# kaum noch



## Wolfi

Hola a todos. Tengo una pregunta. Sé que "kaum" significa "apenas", y "noch" puede significar, entre otras cosas, "todavía". Pero hay contextos donde la expresión "kaum noch" me sigue pareciéndo "apenas". ¿Puede ocurrir eso? Como si "noch" perdiera su significado, y con kaum significase "apenas", a secas. Gracias.


----------



## osa_menor

Hola, Wolfi:

¿Podrías darnos un tal contexto, por favor?

Un saludo.


----------



## Wolfi

Sí. "Carlas Mutter war geborene Engländerin, auch wenn man ihr das inzwischen kaum noch anhörte"


----------



## kunvla

Wolfi said:


> "Carlas Mutter war geborene Engländerin, auch wenn man ihr das inzwischen kaum noch anhörte"


_La madre de Carla era inglesa de origen, aunque ahora ya apenas se le notaba eso_.
_La madre de Carla era inglesa de origen, aunque ahora ya casi no se le notaba eso_.

"kaum noch" se puede traducir dependiendo del contexto como '_ya casi no_' y '_ya apenas_'. Sin embargo, en español se omite a menudo el _ya_.

Saludos,


----------



## osa_menor

Wolfi said:


> _Pero hay contextos donde la expresión "kaum noch" me sigue pareciendo "apenas". ¿Puede ocurrir eso? Como si "noch" perdiera su significado, y con kaum significase "apenas", a secas._



Veo que _apenas _no solo se traduce con _kaum_ sino también con _kaum noch._
Un ejemplo de un texto de un grupo alemán (Silbermond):


> Wo willst du hin? Ich kann dich kaum noch seh'n.

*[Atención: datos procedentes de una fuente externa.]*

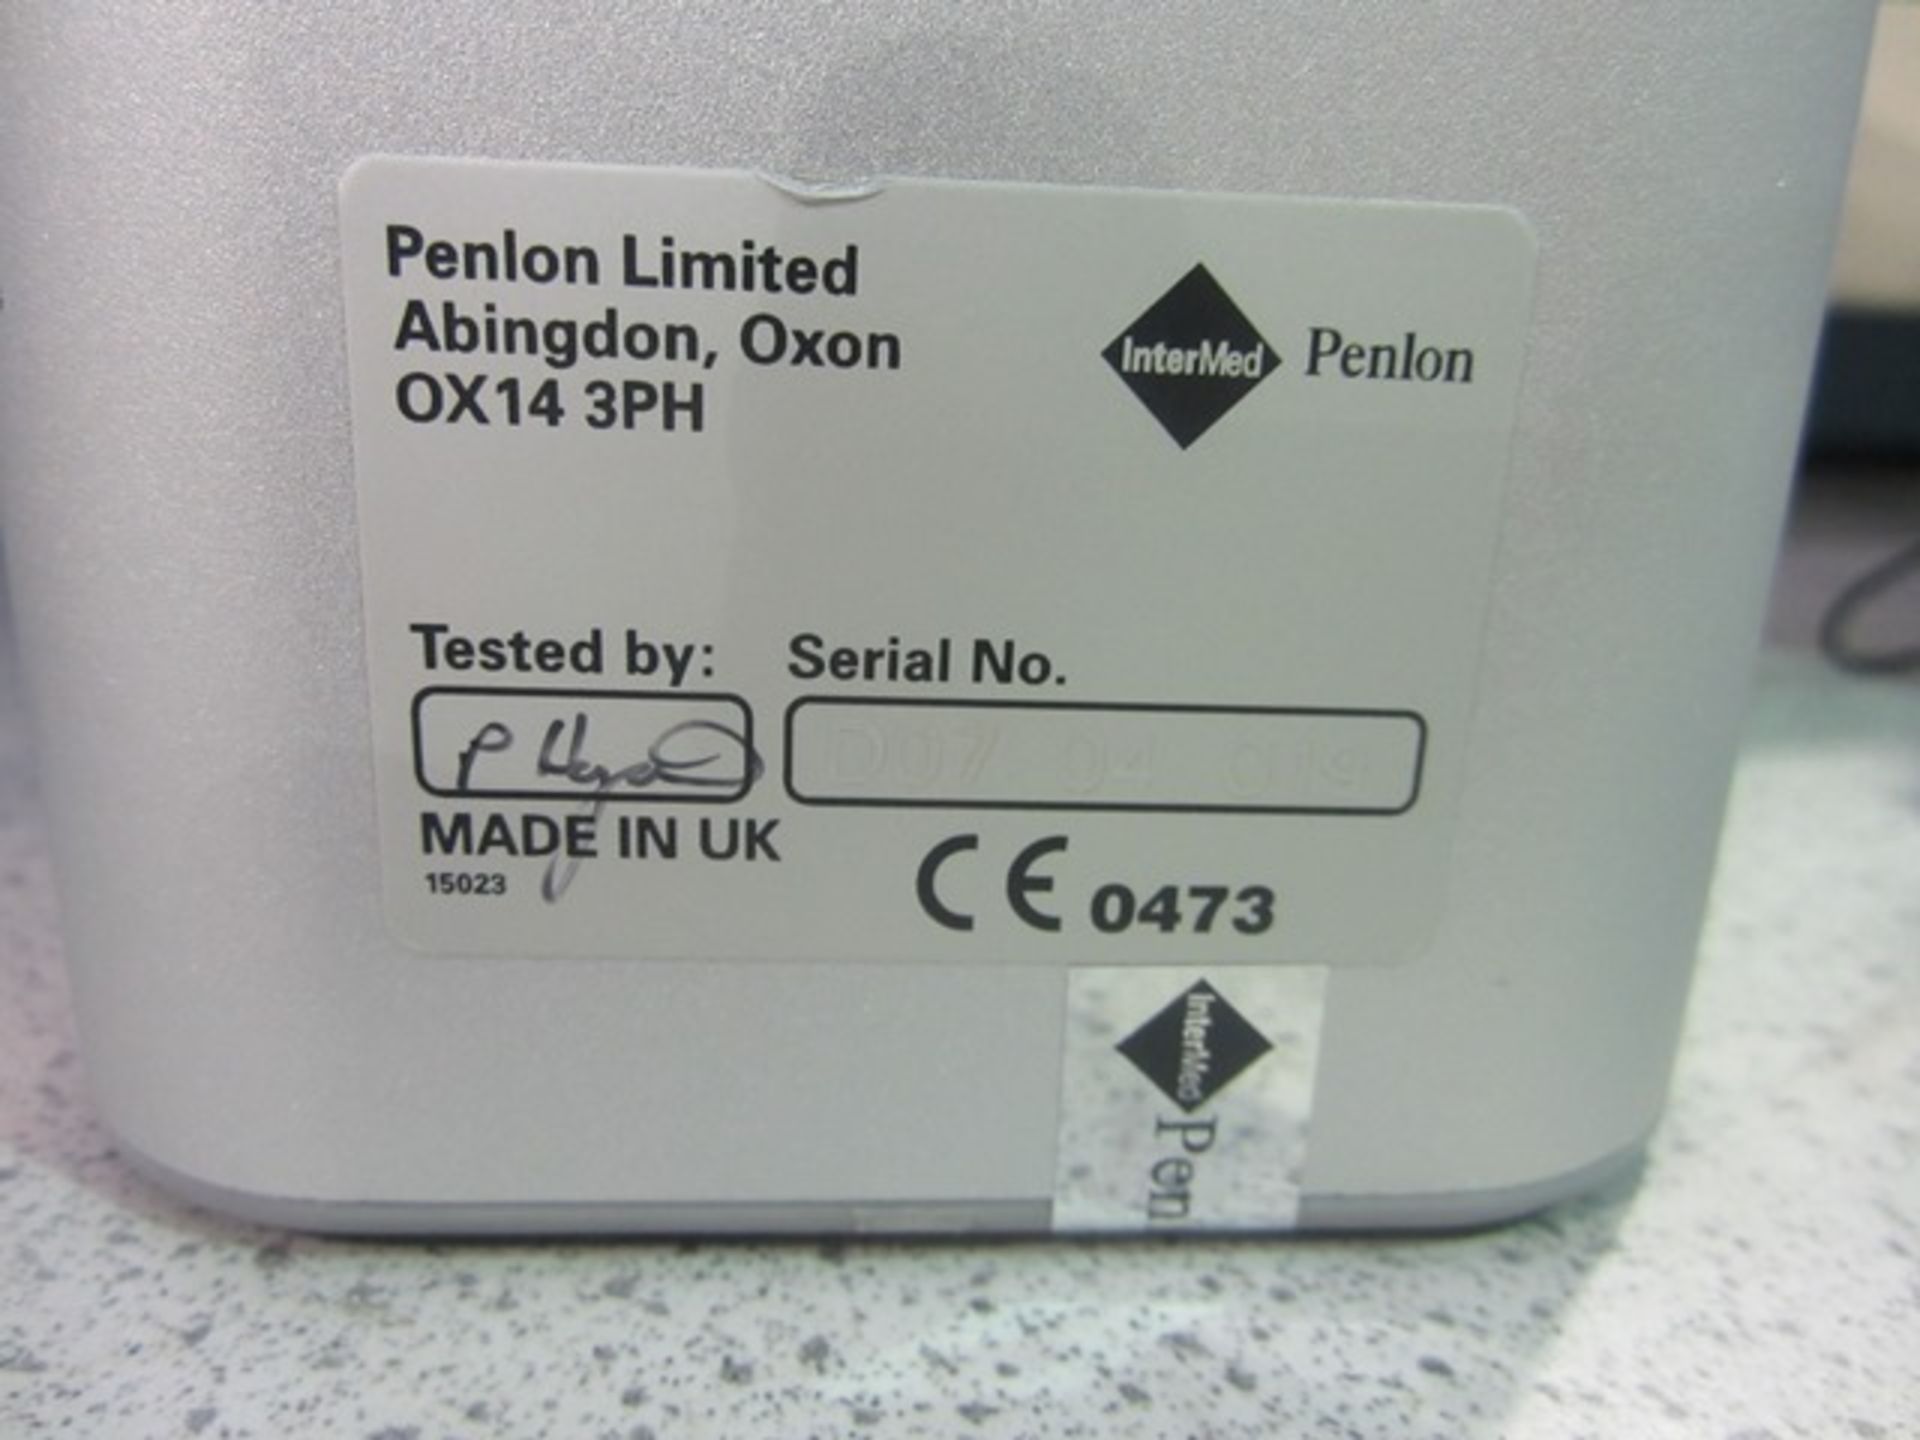 Penlon Sigma Delta Intermed vaporiser, - Image 3 of 4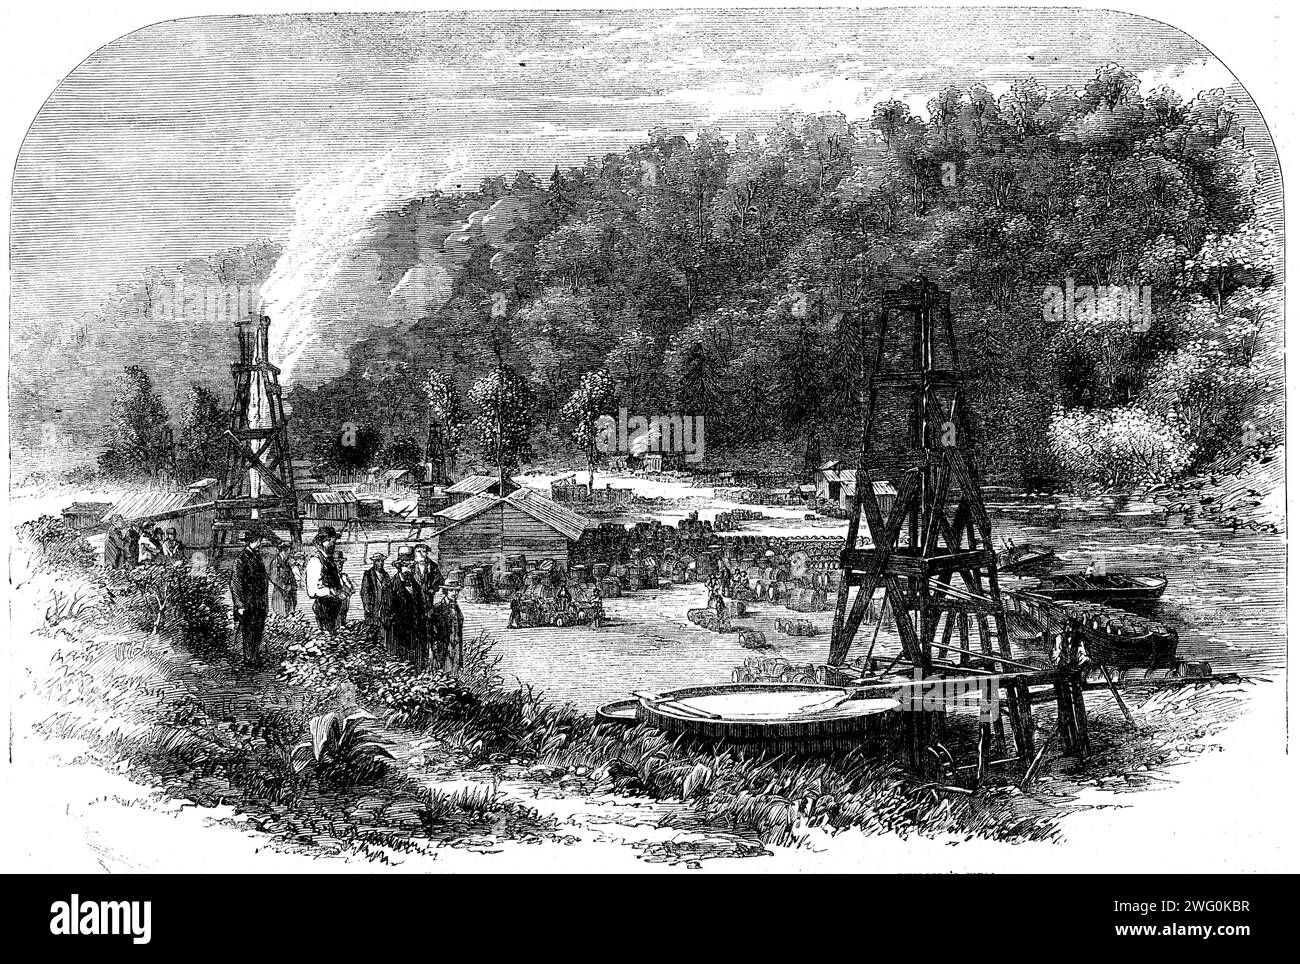 Ölquellen in Tarr Farm, Oil Creek, Venango County, Pennsylvania, 1862. Gravur von Spouting Wells aus Woodford und Phillips nach einer Fotografie von Alexander S. Macrae, Erdöl-Broker. "Im Vordergrund ist ein großer behälter, oder Zisterne, zu sehen, in dem ein ausströmender Brunnen das Öl fließt. Aufgrund der besonderen Leichtigkeit des Erdöls schwimmt es auf der Wasseroberfläche, und alle schädlichen Stoffe, die mit ihm vermischt werden können, werden sofort bis zum Boden ausgefallen, von dem aus es leicht entfernt wird. Das Öl wird in gute, kräftige Fässer mit 40 Gallonen gefüllt und zu den Raffinerien zu Hause oder exportiert Stockfoto

Esta línea traducen así: "¿Adónde quieres ir? Ya apenas puedo verte."
Y de Pons:





> kaum noch  -  apenas


Sin embargo, en alemán el _noch _no pierde su significado, ya que hay una diferencia de significado entre _kaum_ y _kaum noch._

Tomemos el ejemplo de arriba:
_Ich kann Dich kaum noch sehen_ significa: Antes te veía, pero ahora te has ido y ya casi no puedo verte.
_Ich kann Dich kaum sehen_: No se sabe si podía verte de cerca antes. Solo se sabe que apenas puedo verte ahora.

En tu ejemplo también no se deja omitir el _noch_:


Wolfi said:


> "Carlas Mutter war geborene Engländerin, auch wenn man ihr das inzwischen kaum noch anhörte"


 En mi opinión aquí el uso de la palabra _inzwischen_ requiere el _noch._
En "Carlas Mutter war geborene Engländerin, auch wenn man ihr das inzwischen kaum anhörte" falta algo. Sin _noch_ la oración suena incompleto.


----------



## Wolfi

Gracias!


----------